There's still a third point where the game state is changed: when the Update method checks if it's necessary to add a new meteor. Only the server can execute this operation, so change the method as follows:
// Only the server can add new meteors
if ((networkHelper.NetworkGameSession == null) ||
(networkHelper.NetworkGameSession.IsHost))
{
CheckforNewMeteor(gameTime);
}
That's it! All the objects are now synchronized. The server will control all the game state and send it to the client so it keeps the game synchronized. The client will receive all the messages and change the status of its objects according to the content of these messages, to maintain an online match, just as if you were beside your opponent. Figure 6-3 illustrates the message traffic between the players. Now call that friend of yours who lives in Japan for a Rock Rain match!
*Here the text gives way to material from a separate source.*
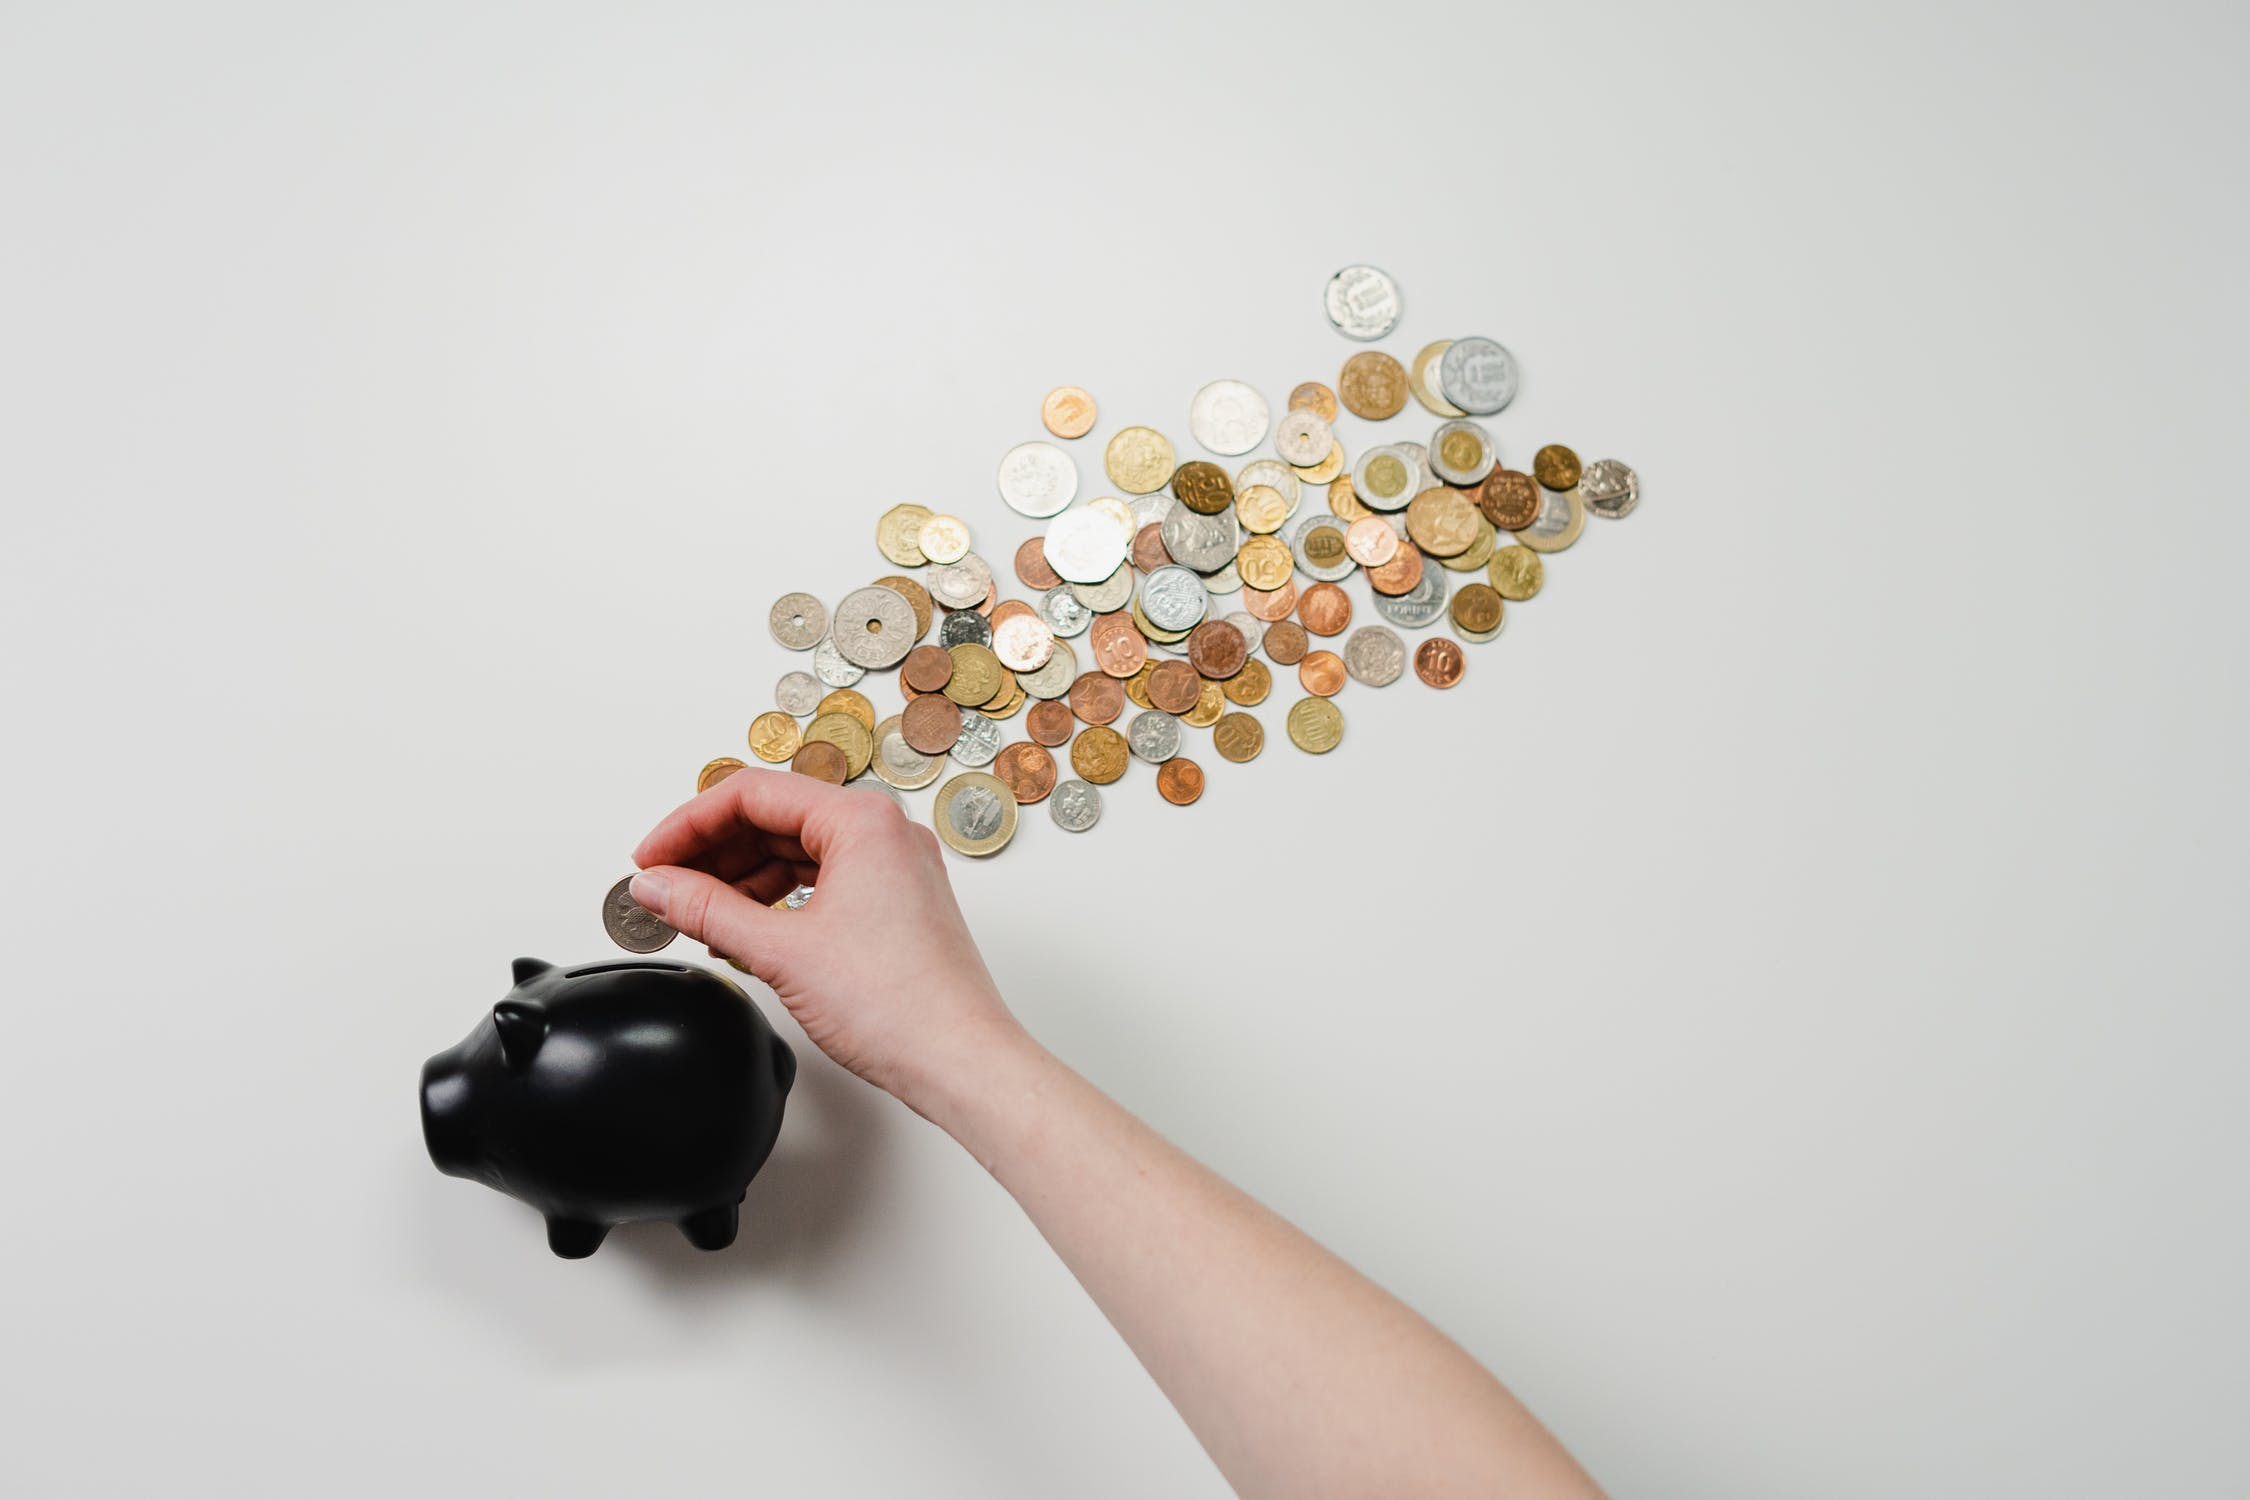 Opsparing

Figure 6-3. The chat between server and client
Summary
This chapter covered the basic principles of how to plan and create an online multiplayer game. Correct definitions for the protocol and sending messages are essential for keeping the game state synchronized between the various players. XNA offers powerful classes so that this work becomes simple, and you don't need to worry about the details of sending and receiving data through the network.
How about adding a new feature to send messages between the players? How about adding support for three or four players? If you try, you'll see that it's not that hard to make Rock Rain a massive multiplayer online game.